最近は「ベジファースト」という言葉や「時間栄養学」によって、食べる順番が生活習慣病の予防に役立つとの考えが広まってきています。同じ食事をしていても、食べる順番を変えることで血糖値の上昇のスピードを緩やかにすることができるようです。

この記事では、血糖値の急激な上昇を防ぐ食べ方のコツについて解説していきます。糖尿病予備群の人は、食事のカロリーや内容だけではなく、「どう食べるか」という食べ方も意識してみてくださいね。

目次

糖尿病予備群の概要と割合

糖尿病予備群は、糖尿病と診断されるほど血糖値が高いわけではないが、正常よりも高くなってきた状態をいいます。厚生労働省の平成28年度の調査では、「糖尿病の可能性を否定できない者」の割合は、平成19年以降減少していますが、それでも男女共に12%の割合で存在し、1,000万人もの人が該当しているそうです。

糖尿病予備群の診断目安(75gブドウ糖負荷試験による判定)

糖液を飲む前 飲んで2時間後
正常 110mg/dL未満 そして 140mg/dL未満
糖尿病予備群 どちらも当てはまらない場合
糖尿病 126mg/dL以上 または 200mg/dL以上

予備群と言われても、「食事も運動も変えるつもりはない」と思っている人は要注意です。糖尿病は血糖値が高くなること以外の症状があまり見られないので、発見が遅れてしまうこともあります。進行すると、眼や腎臓に合併症を起こし、虚血性心疾患のリスクを高めます。

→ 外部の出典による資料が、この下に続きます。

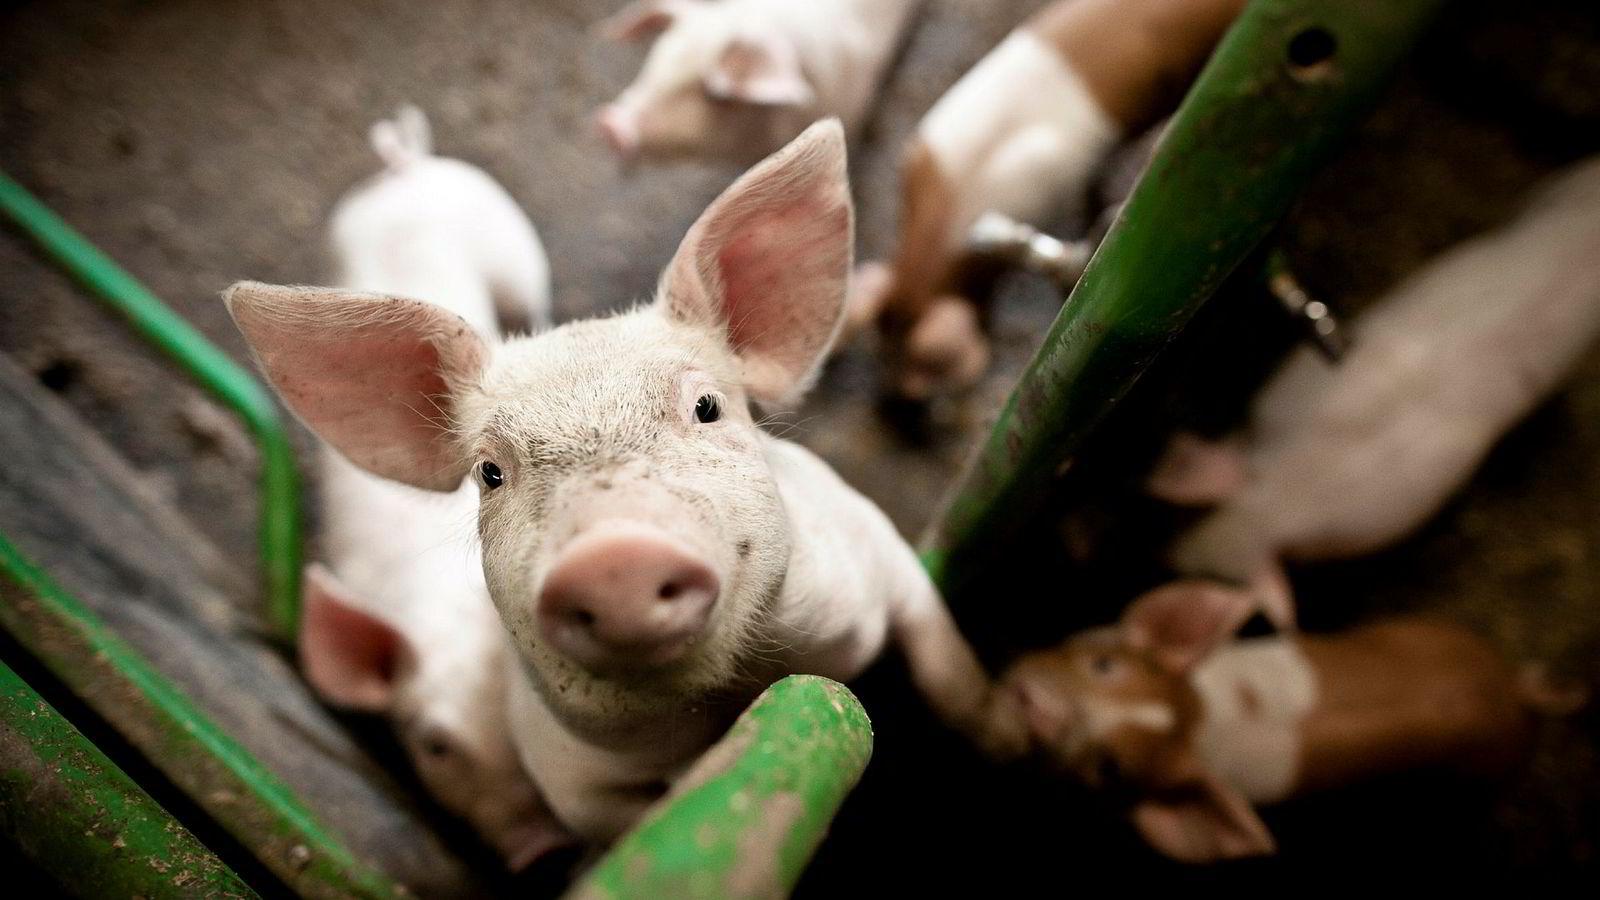 Det er nesten enda mer overraskende å se hvor provosert folk fortsatt blir når fokuset rettes mot dyrevern og etikk.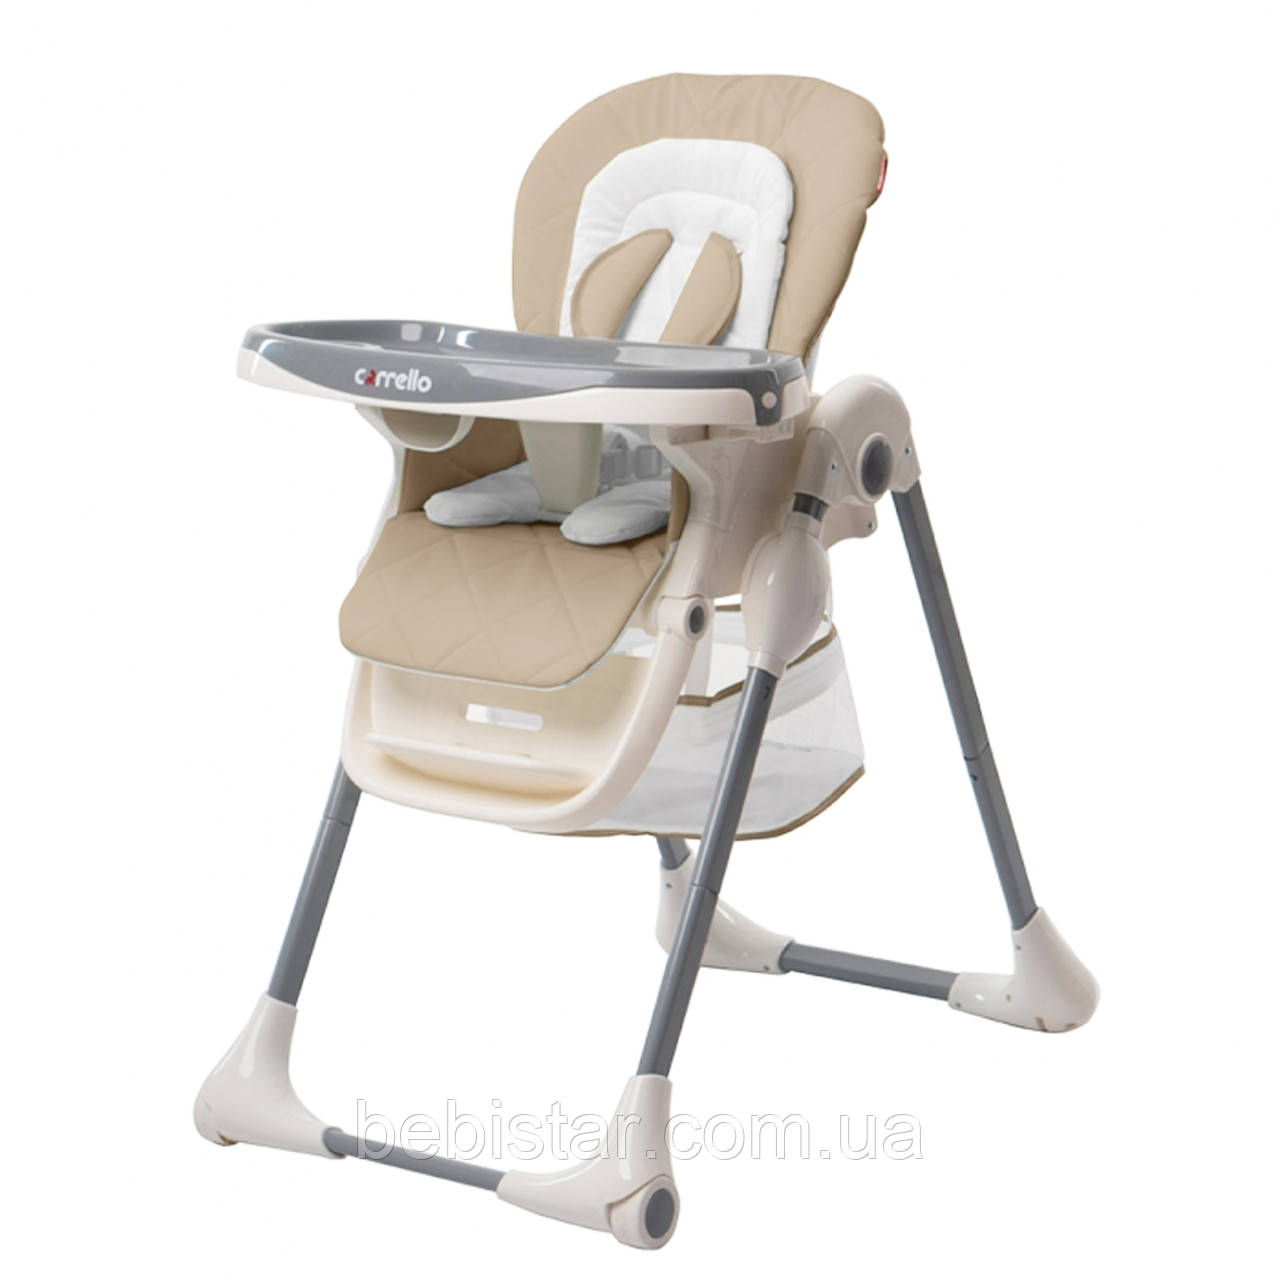 Стульчик для кормления бежевый CARRELLO Toffee CRL-9502/1 Desert Beige деткам от 6 месяцев до 3 лет

予備群は糖尿病へと進行しやすい状態であり、症状がなくても生活習慣を見直す必要があります。生活習慣を改善することで糖尿病発症のリスクを減らすことができますよ。

野菜から先に食べるメリットとは?

野菜やきのこ、海藻類に多く含まれている食物繊維には、血糖値の上昇を緩やかにする働きがあります。最近では「ベジファースト」という言葉もあり、野菜から先に食べる食べ方が広がってきています。

それではなぜ、血糖値は緩やかに上がる方が良いと言われているのでしょうか。まず、食事をすると血糖値が上昇しますが、それを下げるためにインスリンというホルモンが分泌されます。

インスリンの働きによって臓器細胞は血糖を取り込み、エネルギー源として使用したり、タンパク質の合成をしています。しかしインスリンが一度に大量に放出されると、細胞側の取り込みが追いつかずに血糖が余ってしまい、その分が脂肪細胞に蓄えられていきます。これが体に脂肪が溜まり、肥満になる原因です。

人気のダイエット法の一つに、低インスリンダイエットがあります。これは、血糖値の上昇を上げにくい食品を利用したダイエット法です。血糖値を緩やかに上げること、インスリンの分泌を抑えることは肥満の防止にもなります。糖尿病や肥満の予防には、インスリンのコントロールが不可欠なのです。

血糖値を上げない食べ方のコツとは?

糖尿病の食事療法は、医師から指示されたカロリーを基準として、バランスよく食事を組み合わせていきます。予備群の場合でも基本的な考えは変わりません。

食事を食べ過ぎないことはもちろんですが、同じ量でも血糖値を上げやすいものと上げにくい食べ方があるので、次のポイントを日頃から意識していきましょう。

ゆっくり時間をかけて食べる

早食いは食べたものが腸に届く時間も短いので、血糖値が上昇しやすくなります。また、ゆっくり食べることで満足感を得られやすく食べ過ぎ予防にもなります。1口につき30回以上噛むように心がけましょう。

1日3食食べる

まとめて食事を摂ると1回の量が多くなりがちです。そのような食べ方は食後の血糖値を上げやすくなります。特に朝食の欠食が目立ちますが、朝食は体内リズムを整えたり、日中の活動エネルギーを作る役割があります。1日3は健康的な体づくりには欠かせません。

色々な食品をとる

丼もの麺類などの単品料理は、短時間で消化吸収され、血糖値が上がりやすくなります。栄養バランスも偏りがちなので、幅広く色々な食品の摂れる品数の多い食事を目指しましょう。

まとめ

糖尿病食というと病気の人が食べる食事という印象が強いですが、決してそのようなことはありません。糖尿病食は適切なカロリーにコントロールされ、栄養バランスの整ったものです。肥満の人、糖尿病予備群の人だけではなく、病気を予防したい全ての人にオススメです。